Example of an image with an unusual background along with its associated overscan region.

Overscan Analysis

To analyze this F. Masci provided overscan metrics (max,min,RMS,median,fit_rms) for all frames in the affected field (848). This consisted of 89100 sets of frame values (from ~1400 exposures).

Investigation of these overscan numbers revealed very high maxima (at saturation) and high residual overscan RMS in the images with bad data. However, there were also cases of high overscan maxima when the fits residuals were small (as shown below).

Overscan region maxima vs the RMS of the overscan fit residuals. Left: full range. Right: zoomed version showing range of expected good overscan fits to the left of the red line.

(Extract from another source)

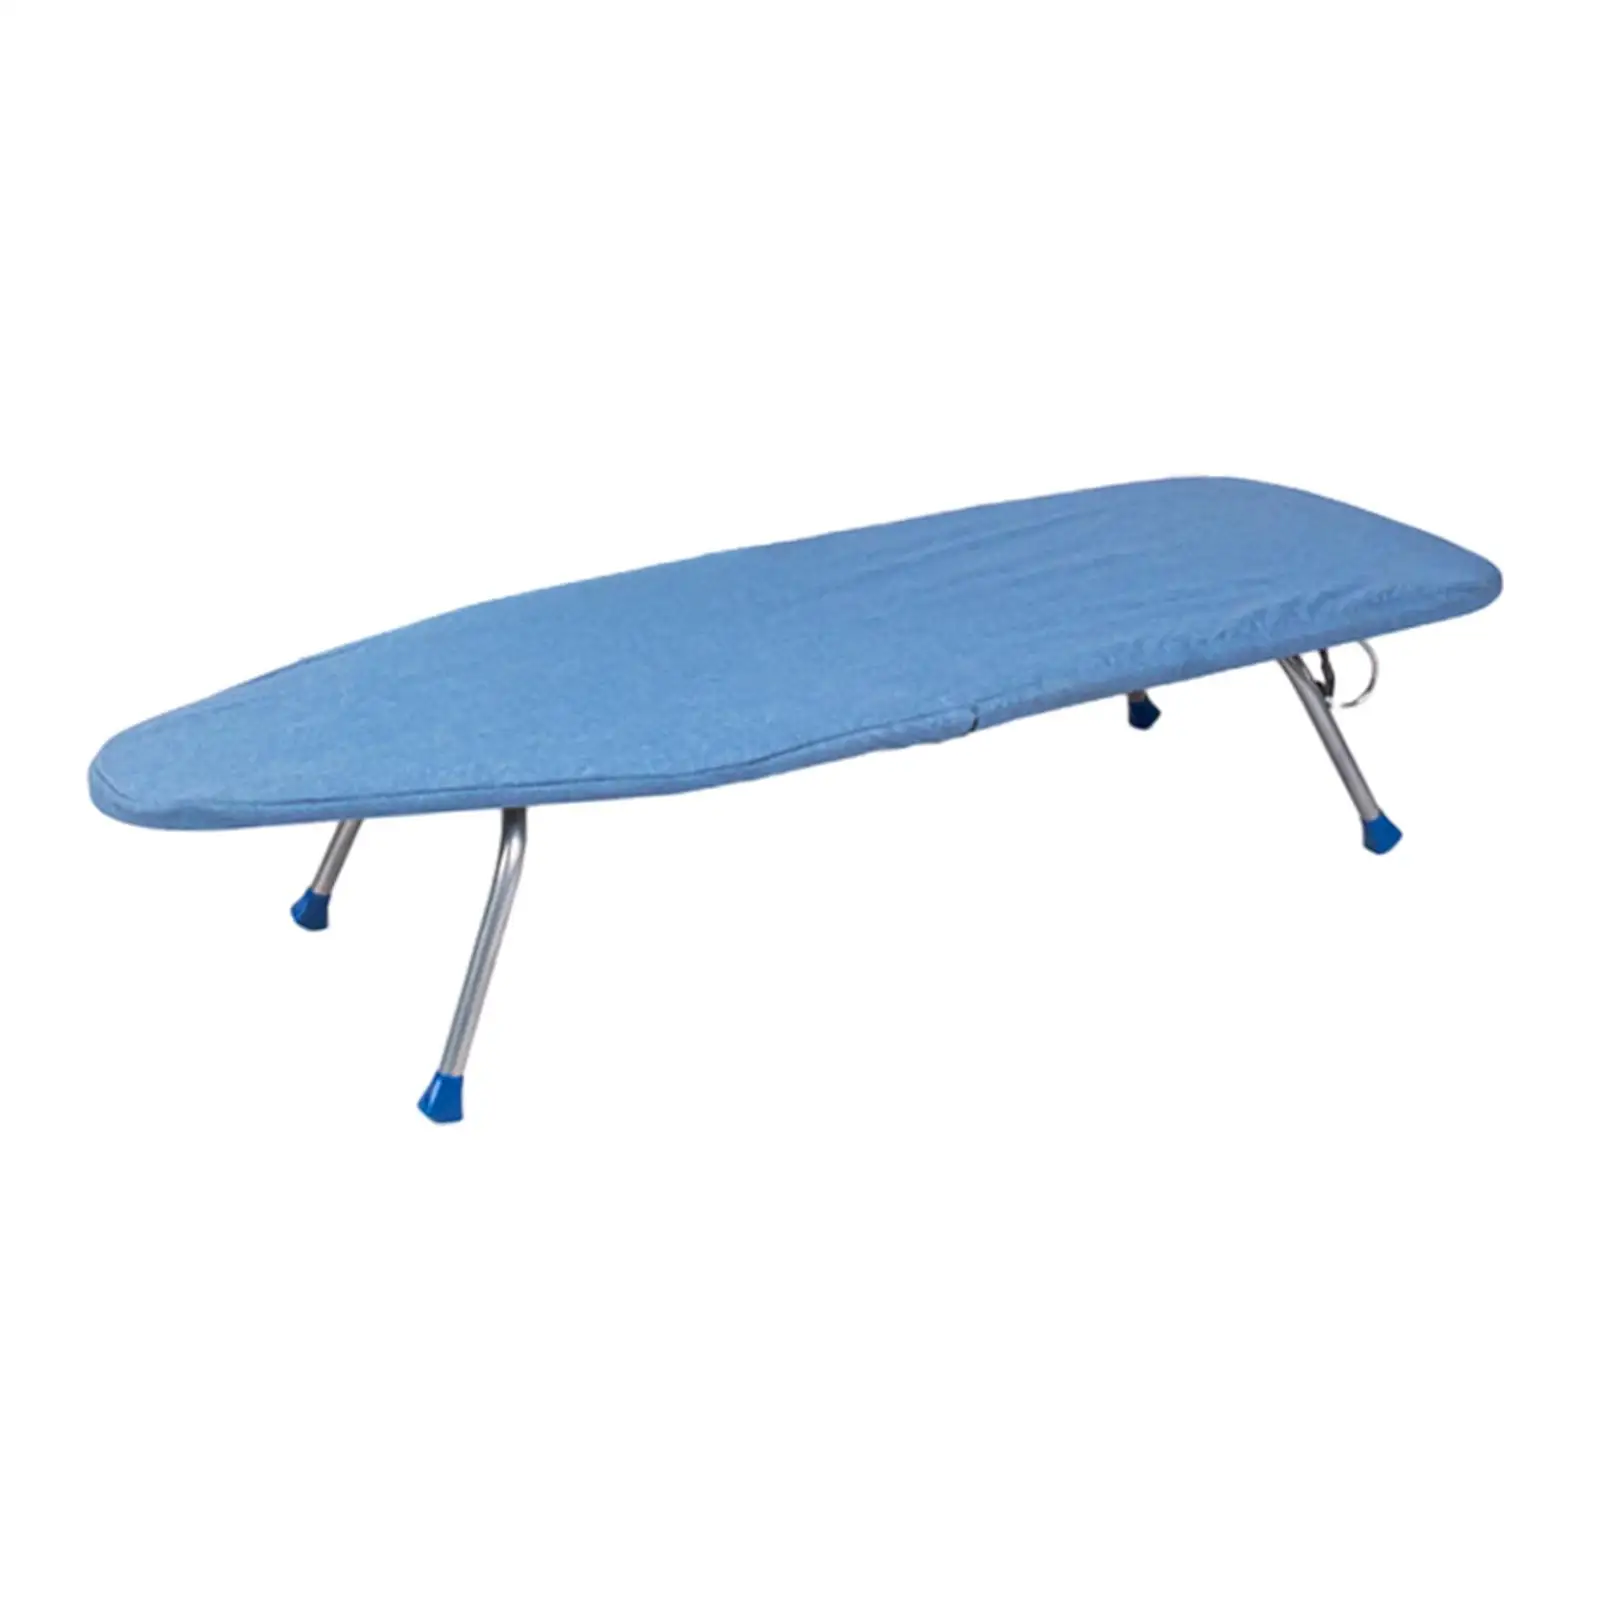 Tabletop Ironing Board Heat Resistant Cover Space Saving Portable Ironing Table for Household Travel Laundry Room Sewing

There fact that there are evidently a large number of cases where overscan maxima are high, yet residuals are small, shows that the high maxima do not necessarily affect the overscan fits. Thus a high overscan maxima by themselves cannot be used to discriminate cases of bad overscan subtraction.

The occurrences of large maxima may be cases where high count values are limited to the first two columns (that are not combined in the overscan fit). Another possibility is that the high values are limited in extent within the overscan.

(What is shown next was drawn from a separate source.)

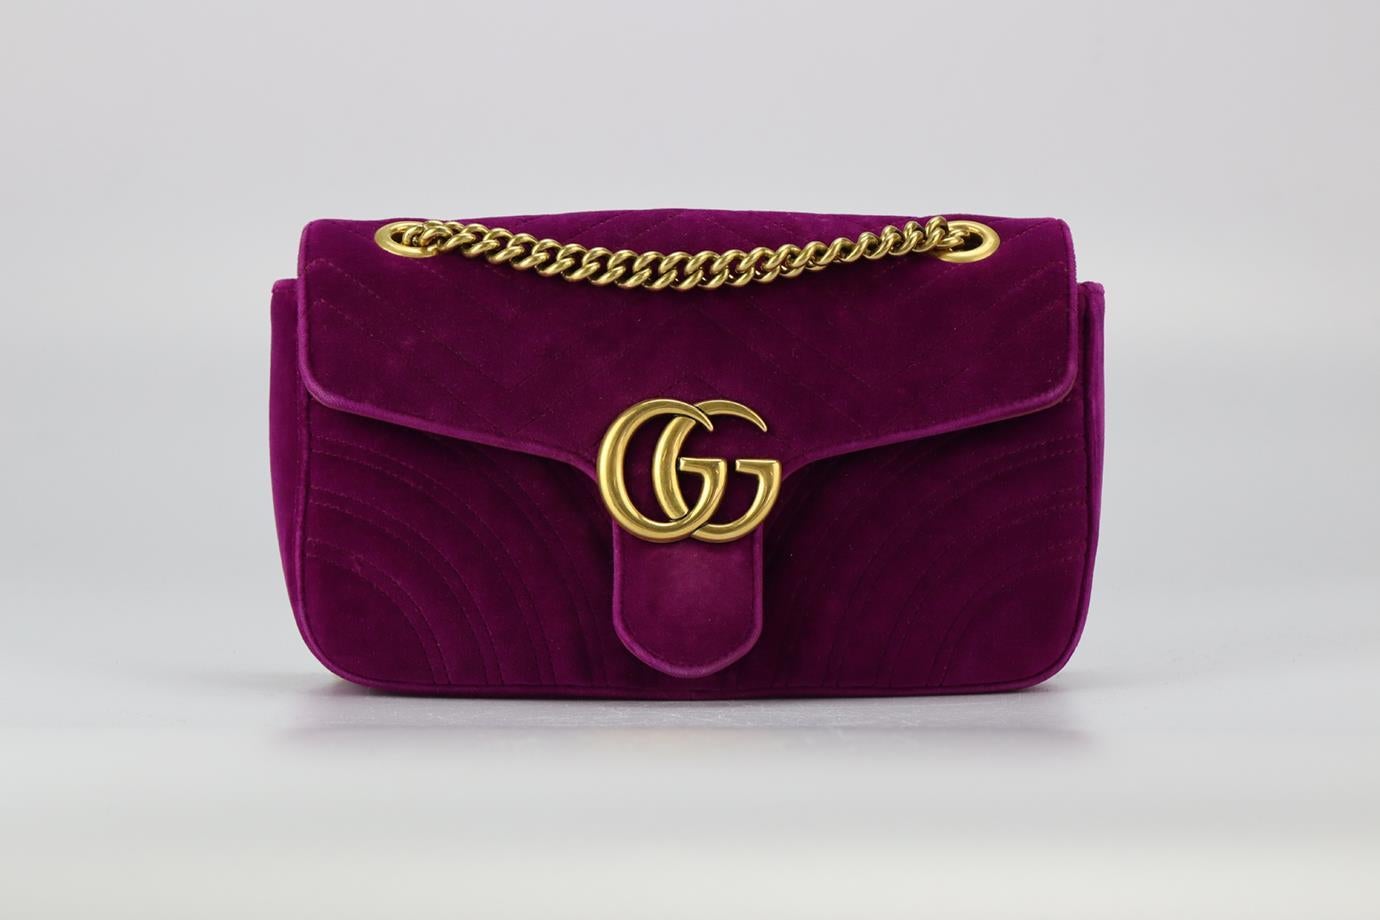 Gucci Gg Marmont Quilted Velvet Shoulder Bag. Purple. Push lock fastening - Front. Comes with - dustbag and box. Height: 6.4 in. Width: 10.1 in. Depth: 2.7 in. Strap drop: 21 in. Condition: Used. Very good condition - Wear to outer material at

The overscan regions are cut from the archived raw ZTF data. It is thus not possible to tell the cause for sure without access to the images. However, I find that there are 2646 examples where the overscan maximum is > 30,000 and the fit RMS residual is < 0.7 (a good value based on the plot). Of these 2625 are from 2018 and only 21 are from 2019. This strongly suggests that the cause of the high values is not some randomly occurring event. Furthermore, it suggests the cause is not charge spillage, since that problem was not fixed until October(?) 2019.

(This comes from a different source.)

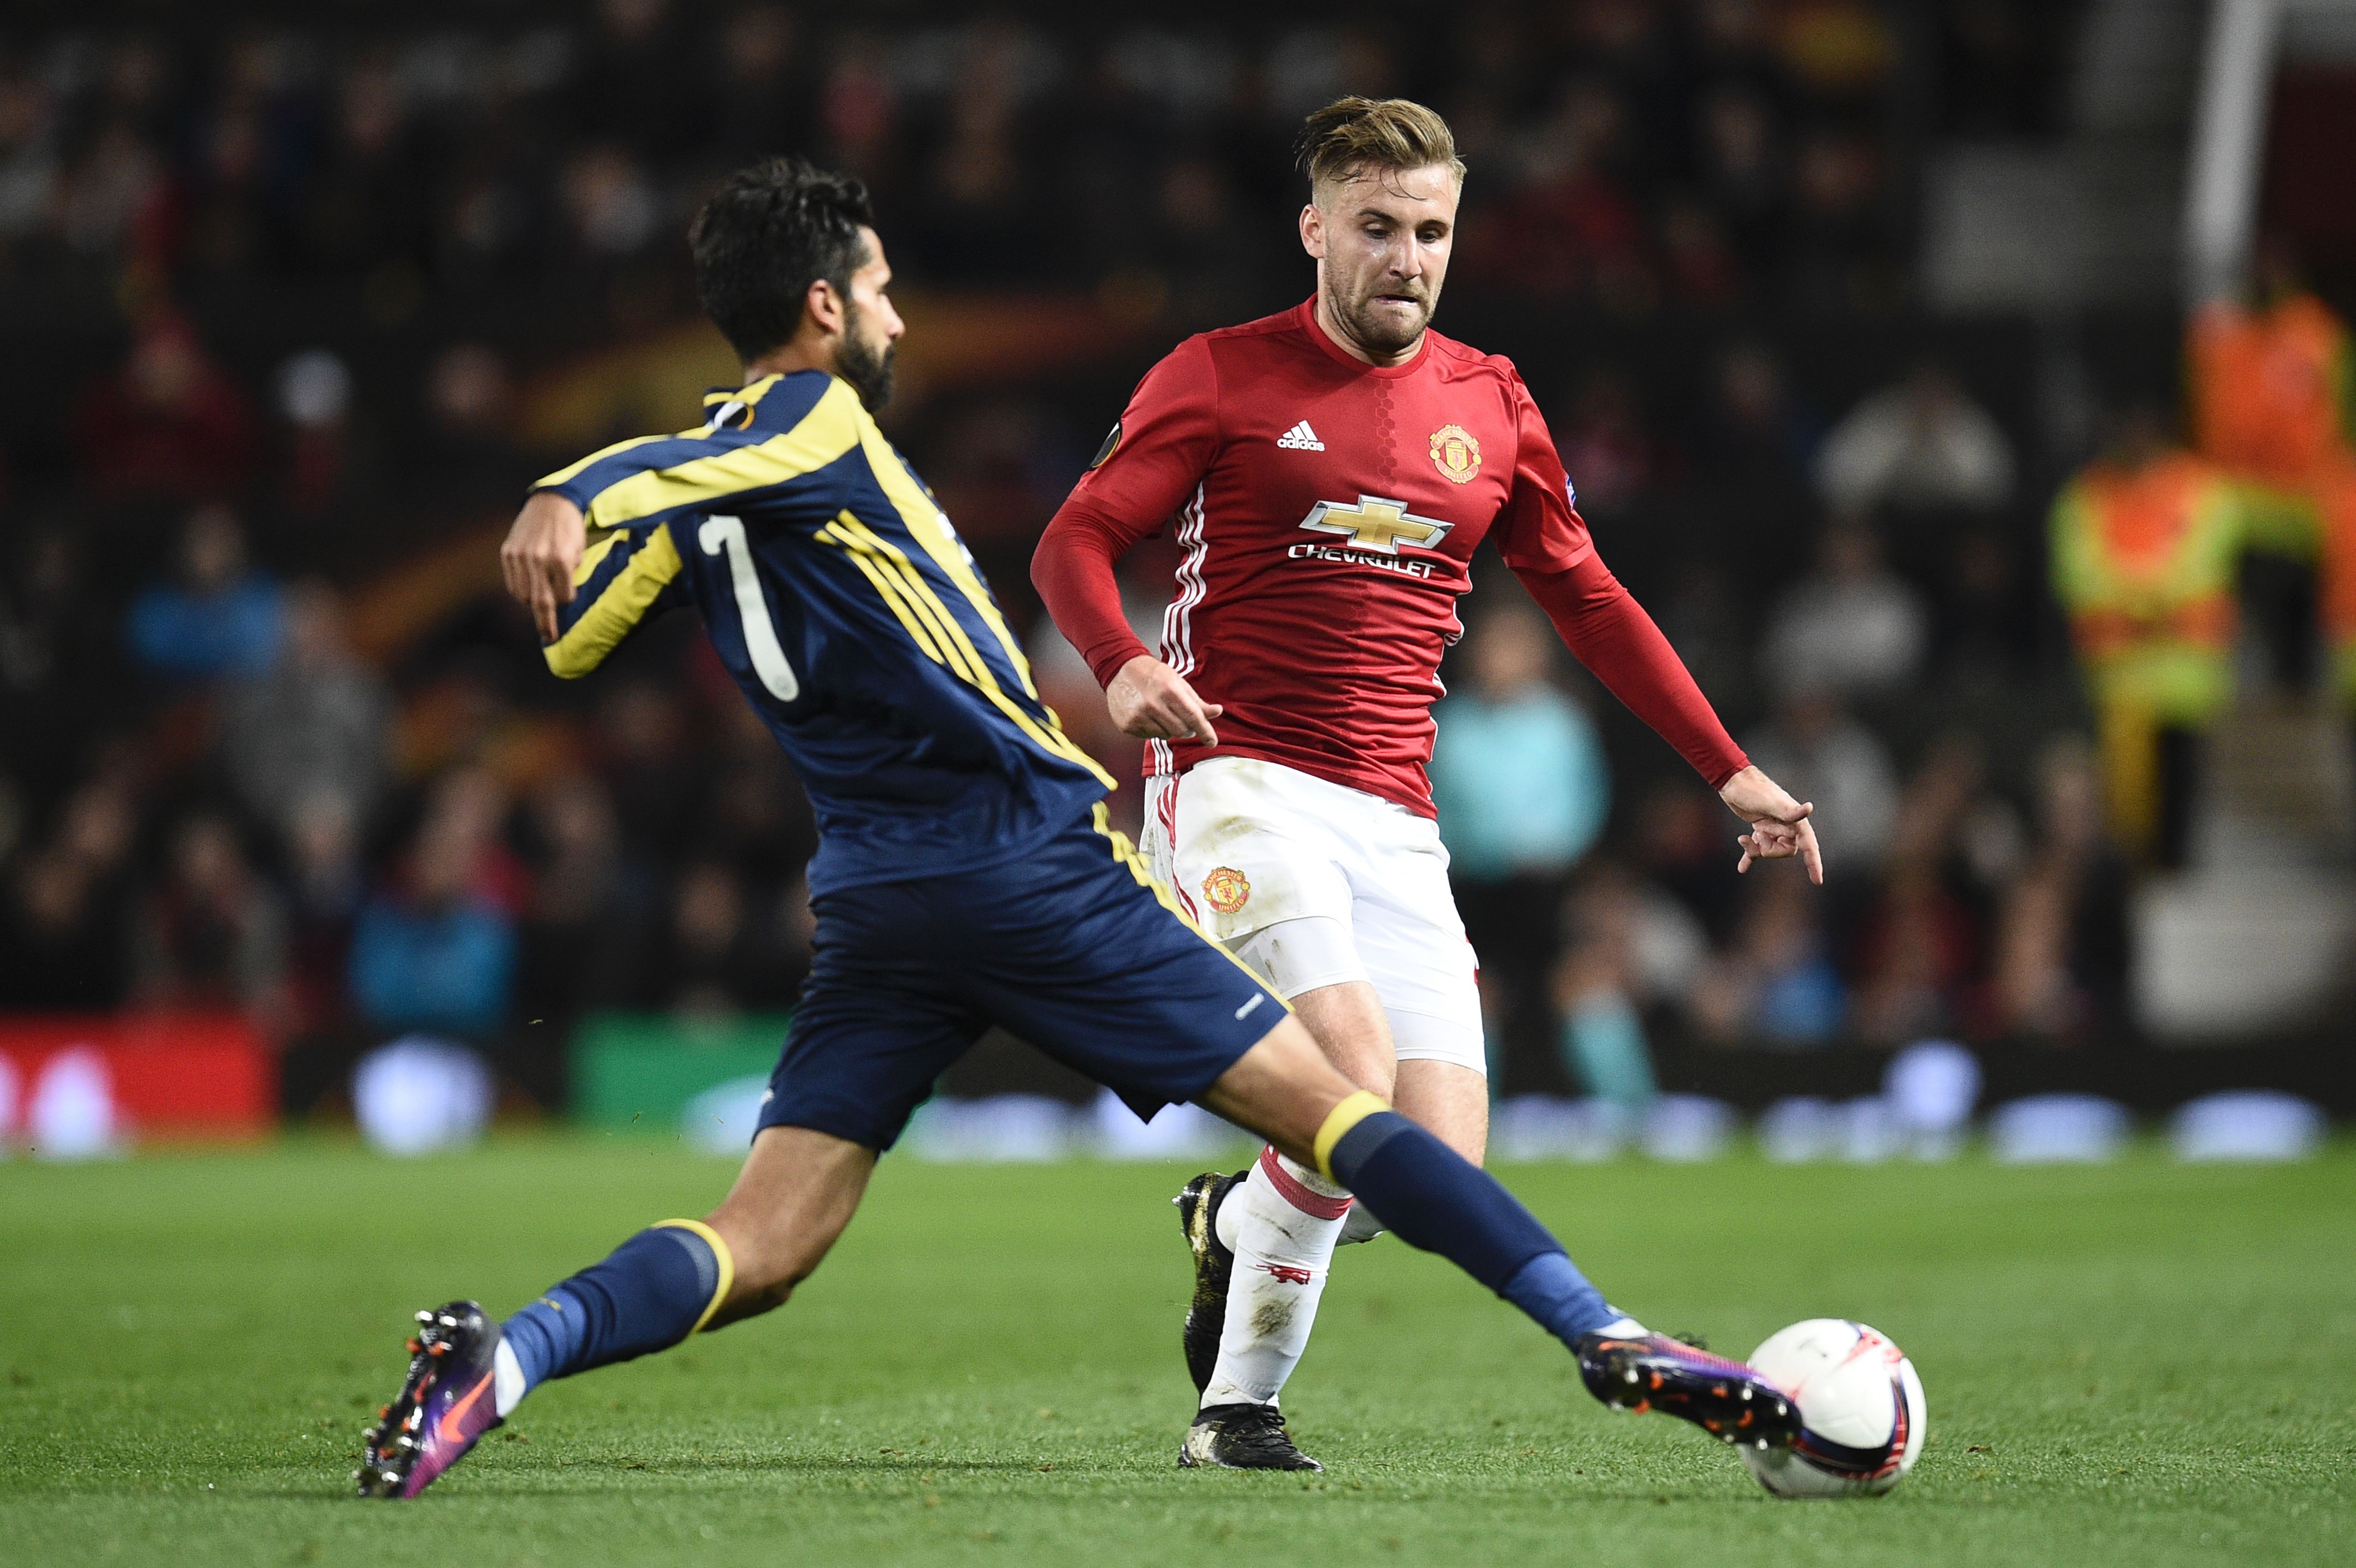 Shaw looked completely out of sorts against Fenerbahce, with the Turks dictating play down his left wing.(Photo by Oli Scarff/AFP/Getty Images)

Investigating this matter further I find that there are 29221 cases (64% of all the 2018 frames) where the overscan maximum was > 1000 cts in 2018 (with the fit residual RMS was < 0.7), while there are only 1325 frame from 2019. This strongly suggests some of the exposed pixels were in the overscan region in 2018. The 1325 frames from 2019 are most likely due to charge spillage artifacts near the edges of the overscan after the overscan trimming was corrected.

Overall, the most likely reason for the large numbers of high maxima in 2018 is that the overscan was trimmed incorrectly such that some of the exposed area was designated as overscan.

Finding the bad overscan data

Inspection of the images associated with bad photometry suggested that overscan fit RMS > 500 were generally bad. However, the plot of maxima show a large range of fit values and it is likely smaller values can also produce bad photometry to some extent. For example, another feature of the plot above is an group of values with maxima from ~100 to ~300 that have overscan fit RMS values > 0.7. This leads to a number of questions:

1, Are the smaller (0.7 < RMS < 500) values also associated with bad photometry?
2, If so, how bad is it?
3, Is there a threshold we should apply to flag data?
4, Should we correct the science images with bad overscans?
5, If so, how?

In order to find frames where bad overscan determination might affect the photometry I decided to look at the distributions of additional overscan statistics.

Overscan RMS vs the RMS of the overscan fit residuals and overscan RMS/median vs the RMS of the overscan fit residuals.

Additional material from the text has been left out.